Чапос выкатил глаза, зловеще вращая белками, но гулко рассмеялся, привлекая внимание других посетителей дома яств, — Что же конкретно вас столь задевает? Не общайтесь, если невмоготу…
— Последую твоему совету, — ответил Рудольф, — Найду себе другого агента.
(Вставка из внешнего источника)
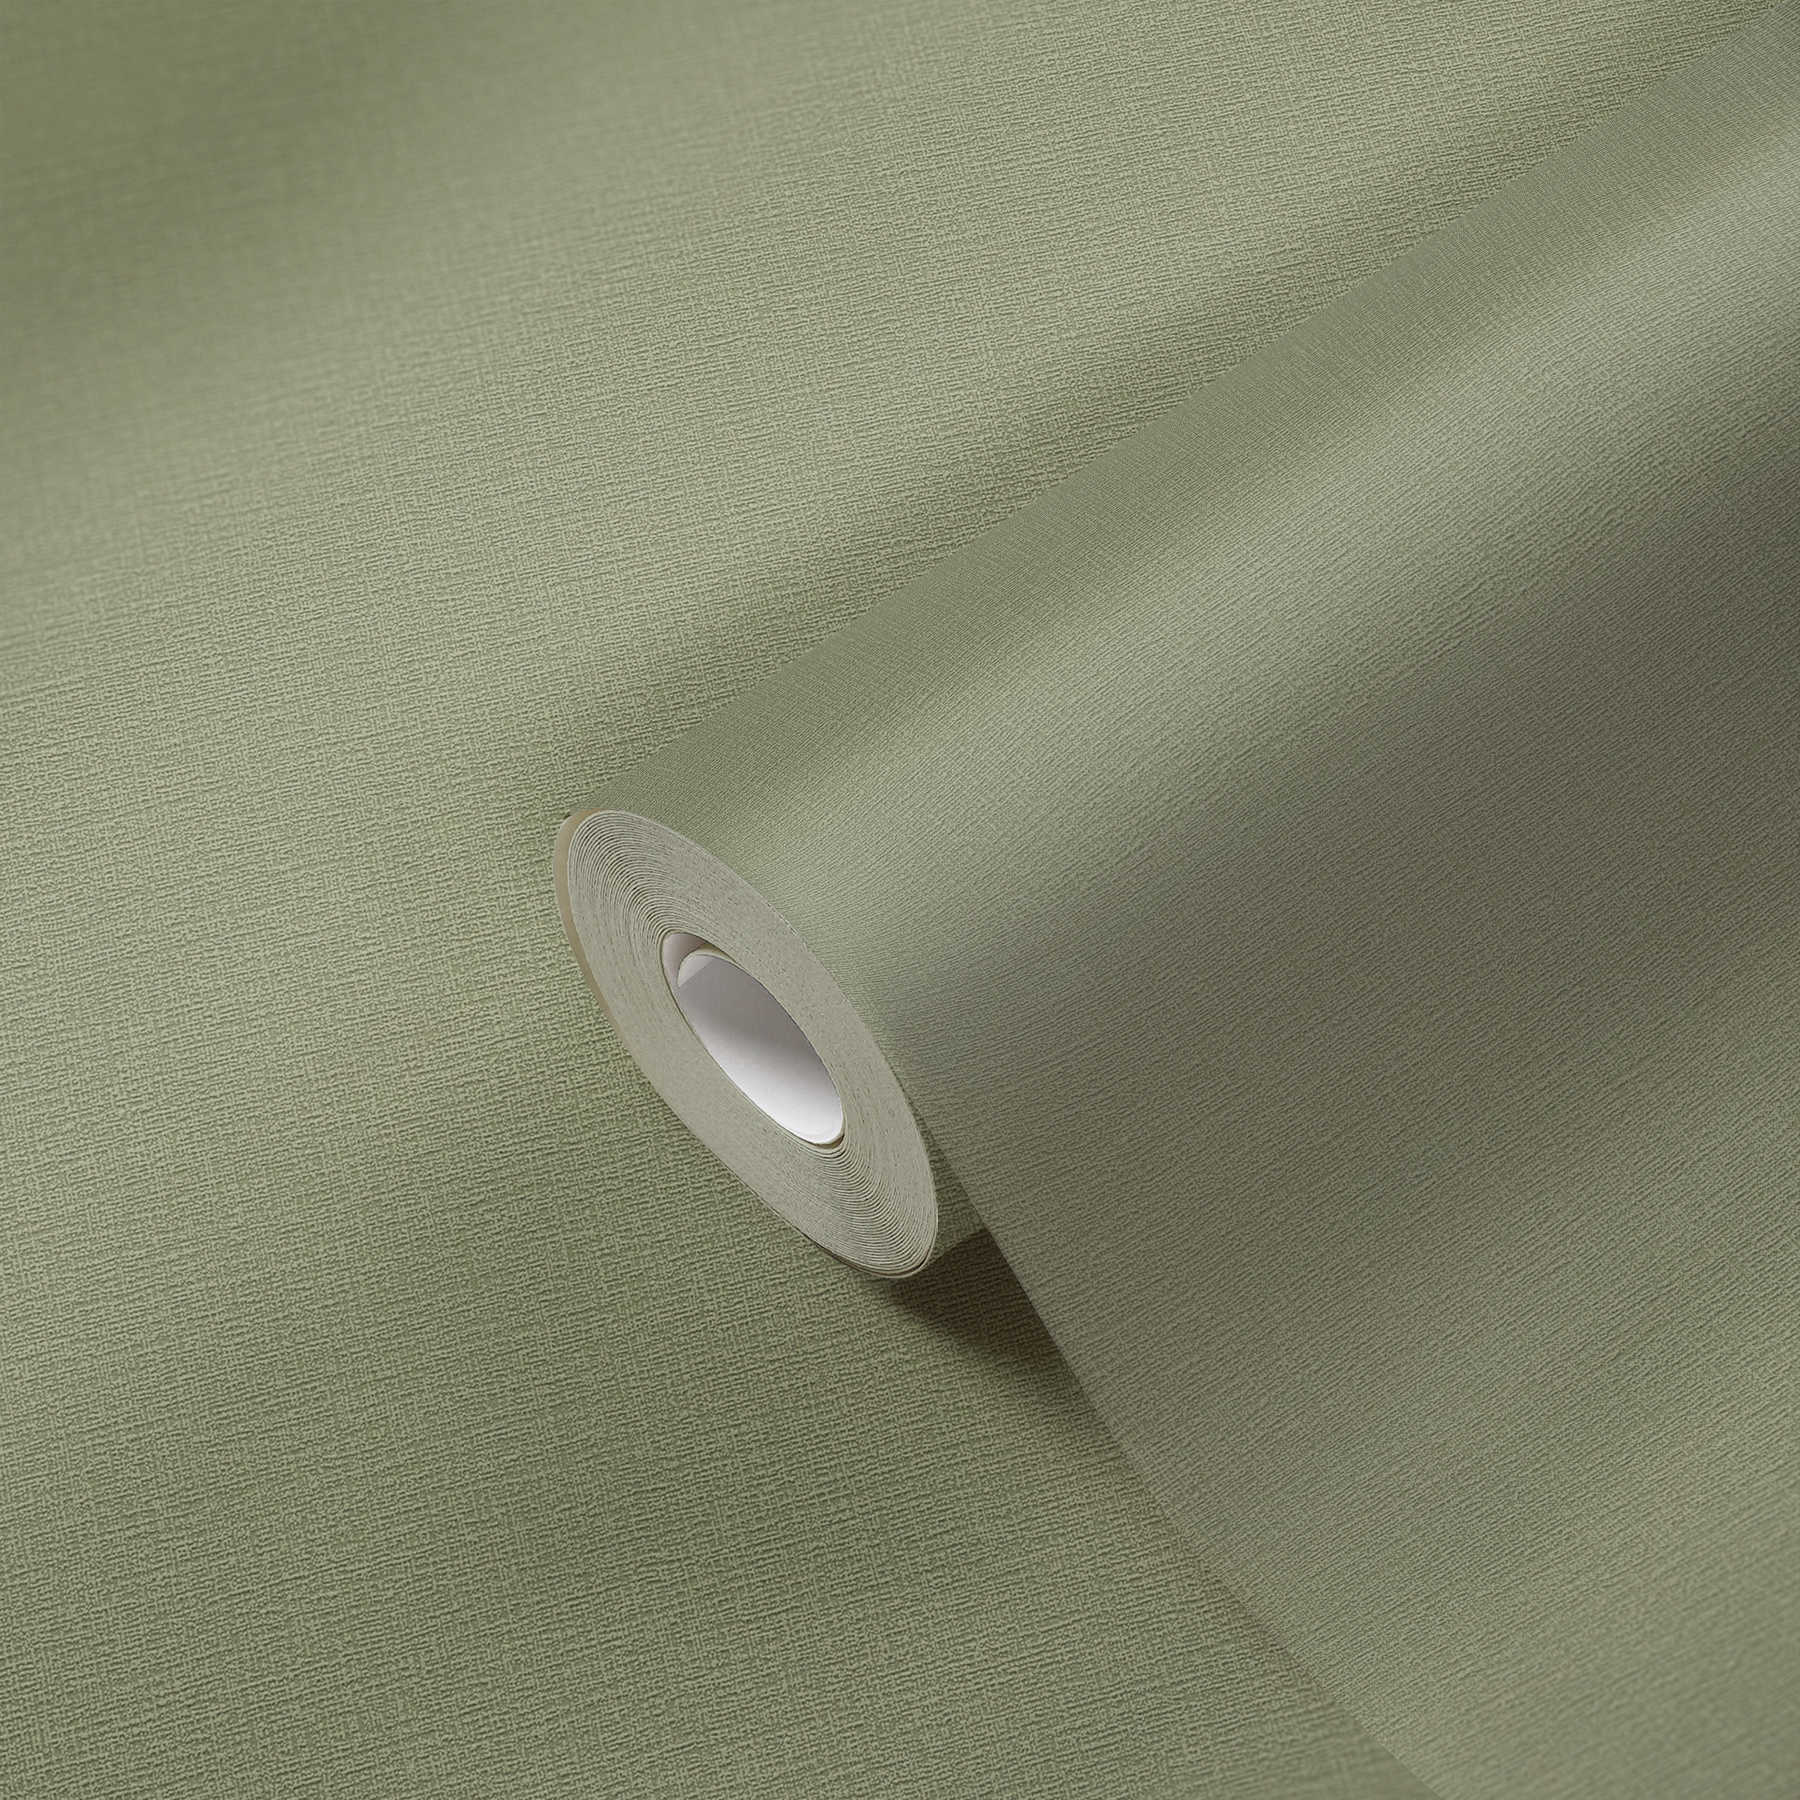             Khaki Behang Eucalyptus Groen met Textuur Patroon

— Не стоит и усилий. Будь я не только по крови, а и по образу жизни аристократом, стал бы я с вами общаться? Или вы вообразили, что так легко войти с ними в общение? Вы что же думаете, что я, найдя себе такую вот обогатительную жилу для процветания, сам же и пользуюсь тем, чем торгую? Живя в своё время в простонародной среде, я привык к естественным для человека радостям, а всякая человеческая потребность, выходя за разумные пределы, разрушает человеческую же крепость. А если её нет, то разврат и последних сил лишит. Я всегда знаю меру во всём, пусть вам и кажется, что это не так. У меня просто потребности большие, ведь и я человек во всех смыслах массивный. Я всегда только одну женщину люблю, даже если обладаю властью над большим их количеством. Потешиться безобидными играми иногда и позволительно, чтобы подсластить, как в частностях, так и в целом горькую жизнь. Тяжёл этот мир, давит, а другого мы не знаем, вот и приходится всякому по мере возможности ума или изворотливости находить для себя средства для того, чтобы не расплющило уж совсем. Я для тех, кого приближаю, роднее отца и ближе мужа. Я досконально знаю, как устроен внутренний и очень тонкий женский механизм. Потому власть моя превышает отцовскую, она для них всё равно, что власть Надмирного Света. Это сладостное чувство. Хотя и от этого устаёшь.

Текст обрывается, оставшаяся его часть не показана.